By Cindy Estis Green and Vince Cusma
Published Articles
Revenue Strategy: An Emerging Discipline for the Digital Market
Sustainable profit is the name of the game in a marketplace increasingly dominated by large tech companies. With a renewed focus by brands and management companies on delivering value to hotel owners, there is an urgency for a financial discipline and a proactive approach to integrate revenue planning and execution across channels. Revenue strategy offers an extension to the foundation of revenue management to ride the wave of opportunity afforded by the digital market.

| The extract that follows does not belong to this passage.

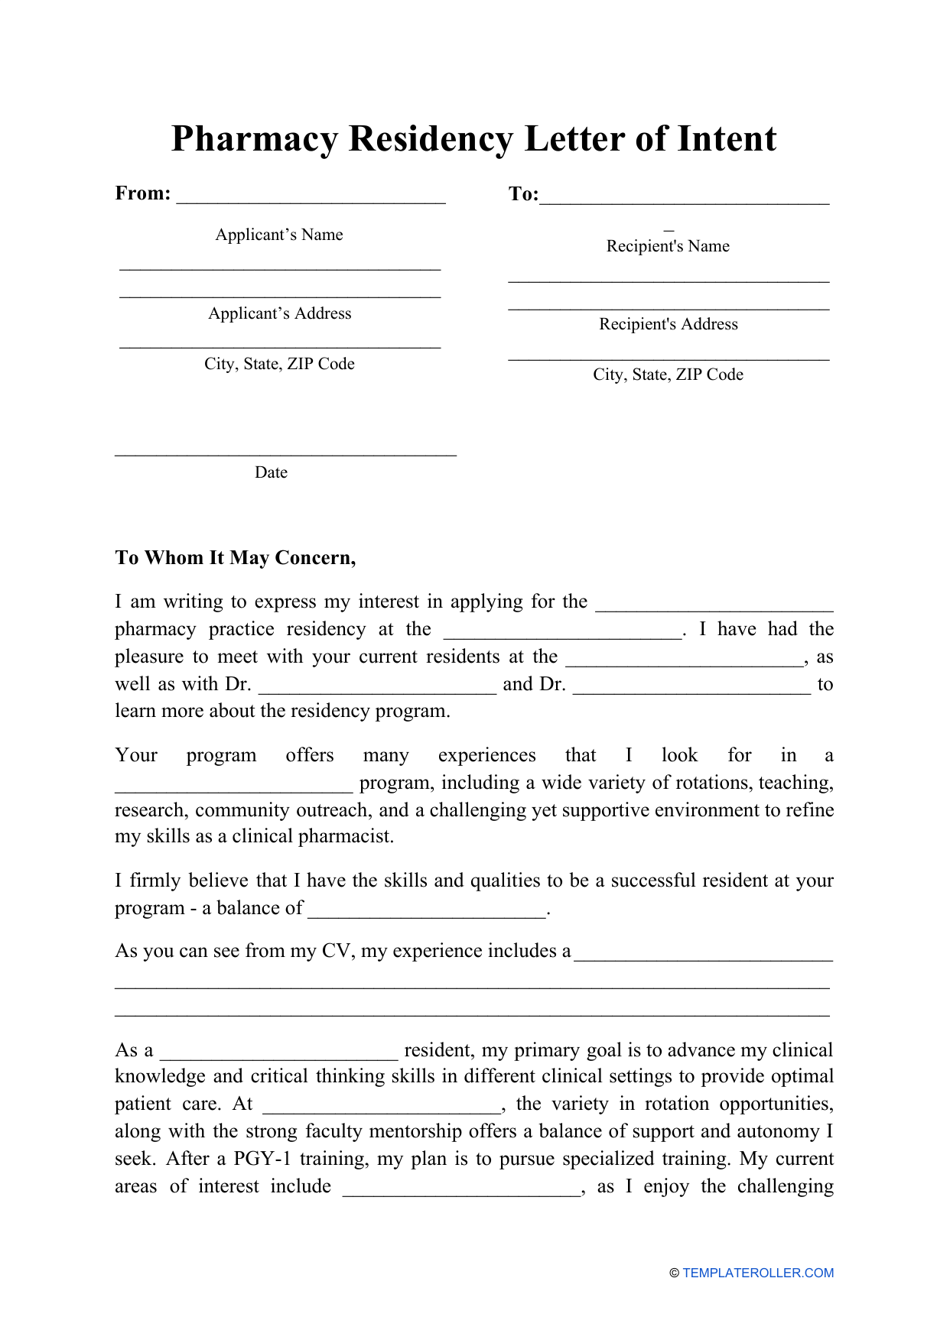 Pharmacy Residency Letter of Intent Template Preview Image

Managing Revenue in the Digital Marketplace
Intermediaries are stealing share while new well-funded third parties that are deeply rooted in the consumer market are entering the travel vertical. Consumers are increasingly savvy when seeking value and convenience. Large companies are consolidating merchandising power – both hotel brands and third parties. On a positive note, demand for hotel stays has improved year over year and guest paid revenue has grown as well. However, costs have grown faster, and hotel profitability cannot keep pace, especially in the event of an economic down cycle.
Experts in revenue management react to incoming demand, and once the expected “end game” for any given day is set, the revenue manager uses tools of inventory control, yield management and pricing to shape the flow of demand and achieve that forecast.
The strategic view calls for proactive business mix planning and decisions about resources deployed, well beyond reacting to what comes over the transom. The insights gleaned from data improve predictability of everything from quality of demand to which products each customer group is likely to purchase. In order to become more agile in leveraging opportunities, hoteliers require deeper cooperation between historically distinct revenue generation functions. That means breaking down silos between disciplines such as call centers, digital, sales, marketing, branding and loyalty. This degree of change may require a new perspective on well-established processes.
Revenue strategy can be a useful concept to catalyze that change, but it is not simply a new name for revenue management. With an eye on costs and multichannel planning, the goal is to improve profit contribution, a metric that resonates with owners whose investment thesis depends on rising asset values. Increased profit contribution can lead to improved investment in staffing, product improvement and new development, which will ultimately benefit consumers and create a healthier lodging ecosystem. While all channels should be considered when planning a hotel’s optimal business mix, increased dependence on third parties is a triple threat to large brands, small brands and independent hotels alike:
1.) Brand dilution through commoditization of hotel rooms,
2.) Diminished relationships with customers
3.) Increased costs with little control, particularly in down cycles.
New Targets of Opportunity
Widening the lens to look at the full array of demand drivers, their associated costs and establishing a hotel’s optimal business mix will require coordination between the revenue functions around the profit contribution goals of the property. When a revenue manager depends only on yield management and pricing tools, it may deliver incremental gains of 2 percent to 5 percent. With an expanded remit to evaluate all demand drivers and associated costs, revenue strategists are hunting for bigger wins. Besides the pricing dial, the revenue strategist will work on channel mix to reduce overall acquisition costs and with sales, digital or other members of the team to grow specific market segments that show the most promise in a given timeframe. At 15 percent to 25 percent of guest-paid revenue, revenue strategists will add new dimensions to the process when they measure and manage customer acquisition costs in a similar manner to labor costs as well as coordinate the game plan to achieve a hotel’s optimal business mix.
OTAs and Brand.com
The simple drive to a two-channel shift from OTA to Brand.com is from a bygone era. Instead, a broader evaluation of volume and margins by channel and segment will direct the strategist to tradeoffs that put a premium on recurring revenue streams to hit targeted profit and flowthrough. Although a powerful contributor to profit, Brand.com has its own costs driven by the chokehold of auction models in metasearch, while some OTA commissions may decline as they face intense competition from new entrants like Airbnb, Facebook and others.
It will take vigilance to frequently assess the combinations of all channels, by segment, day of week or season, that ultimately yield the most contribution to profit on a daily basis. Performance evaluation on top-line revenue can obscure hefty acquisition costs and blur the ability to accurately choose the best options for improving a hotel’s revenue flowthrough. The goal is for better informed decisions, but the strategist recognizes that market conditions may occasionally modify a pure profit focus (e.g., renovations underway, existing base of business can’t be moved, or unusual circumstances call for a different approach).